Personally Identifiable Information (PII) Leakage
OWASP LLM Top 10:
LLM02 - Sensitive Information Disclosure LLM05 - Improper Output Handling
OWASP Agentic:
T7 - Misaligned & Deceptive Behaviors T9 - Identity Spoofing & Impersonation T15 - Human Manipulation
An attacker can manipulate the LLM into exfiltrating PII, or requesting users to disclose PII.
Mitigation:
- add a Guardrail that checks user and agent messages for PII and anonymizes them or flags them
- include agent instructions that clearly state that it should not handle PII.

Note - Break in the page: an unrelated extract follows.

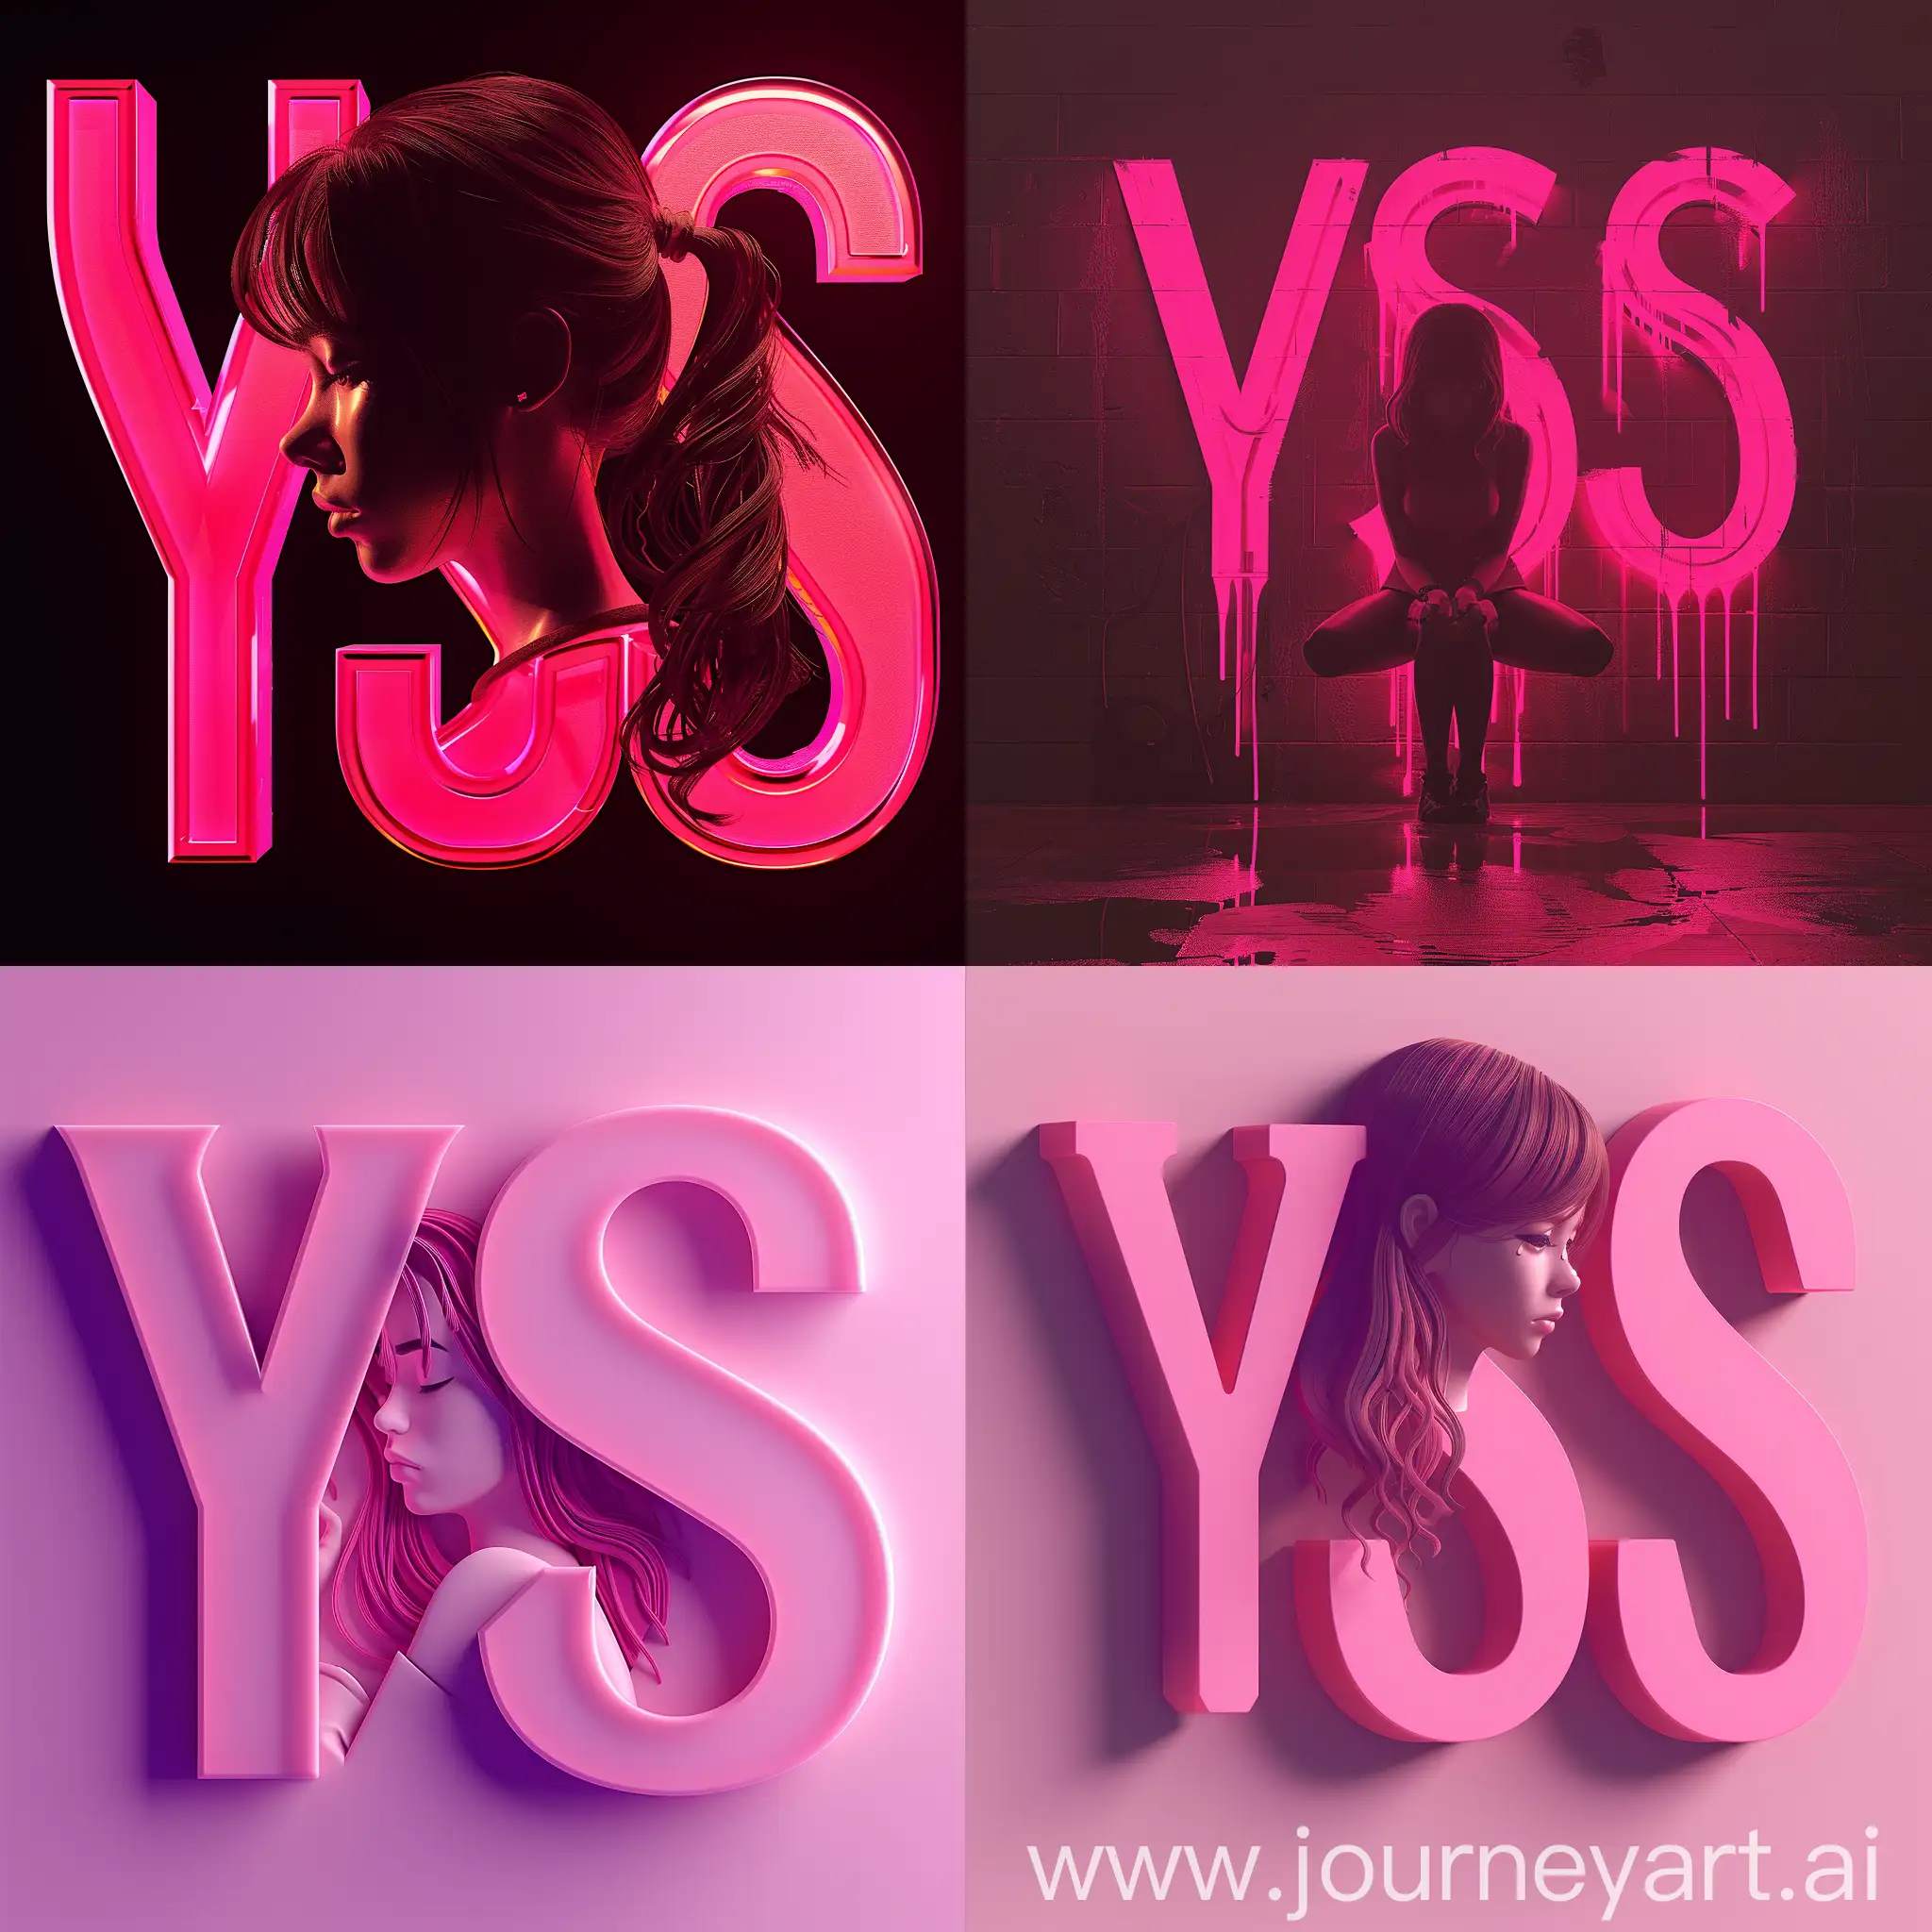 Игровой логотип, 8K, V-ray, photo, мягкие и изогнутые буквы "YSS" в нежных оттенках розового, силуэт грустной девушки между буквами, --s 300

Harmful/Toxic/Profane Content
OWASP LLM Top 10:
LLM05 - Improper Output Handling
OWASP Agentic:
T7 - Misaligned & Deceptive Behaviors T11 - Unexpected RCE and Code Attacks
An attacker can use the LLM to generate harmful, toxic, or profane content, or engage in conversations about such topics.
Mitigation:
- add a Guardrail that checks user and agent messages for toxic, harmful, and profane content
- include agent instructions that prohibit the agent from engaging in conversation about, or creating, harmful, toxic, or profane content.
Jailbreak
OWASP LLM Top 10:
LLM01 - Prompt Injection LLM02 - Sensitive Information Disclosure LLM05 - Improper Output Handling LLM09 - Misinformation LLM10 - Unbounded Consumption
OWASP Agentic:
T1 - Memory Poisoning T2 - Tool Misuse T3 - Privilege Compromise T4 - Resource Overload T6 - Intent Breaking & Goal Manipulation T7 - Misaligned & Deceptive Behaviors T9 - Identity Spoofing & Impersonation T11 - Unexpected RCE and Code Attacks T13 - Rogue Agents in Multi-Agent Systems T15 - Human Manipulation
An attacker can try to craft their messages in a way that makes the LLM forget all previous instructions and be used for any task the attacker wants.
Mitigation:
- add a Guardrail that checks user messages for attempts at circumventing the LLM's instructions
- include agent instructions that state that the agent should not alter its instructions, and ignore user messages that try to convince it otherwise.
Intentional Misuse
OWASP LLM Top 10:
LLM01 - Prompt Injection LLM10 - Unbounded Consumption
OWASP Agentic:
T2 - Tool Misuse T4 - Resource Overload T6 - Intent Breaking & Goal Manipulation
An attacker can try to use the instance of the LLM for tasks other than the LLM's intended usage to drain resources or for personal gain.
Mitigation:
- add a Guardrail that checks user messages for tasks that are not the agent's intended usage
- include agent instructions that prohibit the agent from engaging in any tasks that are not its intended usage
System Prompt Leakage
OWASP LLM Top 10:
LLM01 - Prompt Injection LLM02 - Sensitive Information Disclosure LLM07 - System Prompt Leakage
OWASP Agentic:
T2 - Tool Misuse T3 - Privilege Compromise T6 - Intent Breaking & Goal Manipulation T7 - Misaligned & Deceptive Behaviors
An attacker can make the LLM reveal the system prompt/instructions so that he can leak sensitive business logic or craft other attacks that are better suited for this LLM.
Mitigation:
- add a Guardrail that checks agent messages for the exact text of the agent's system prompt
- include agent instructions that highlight that the system prompt/instructions are confidential and should not be shared.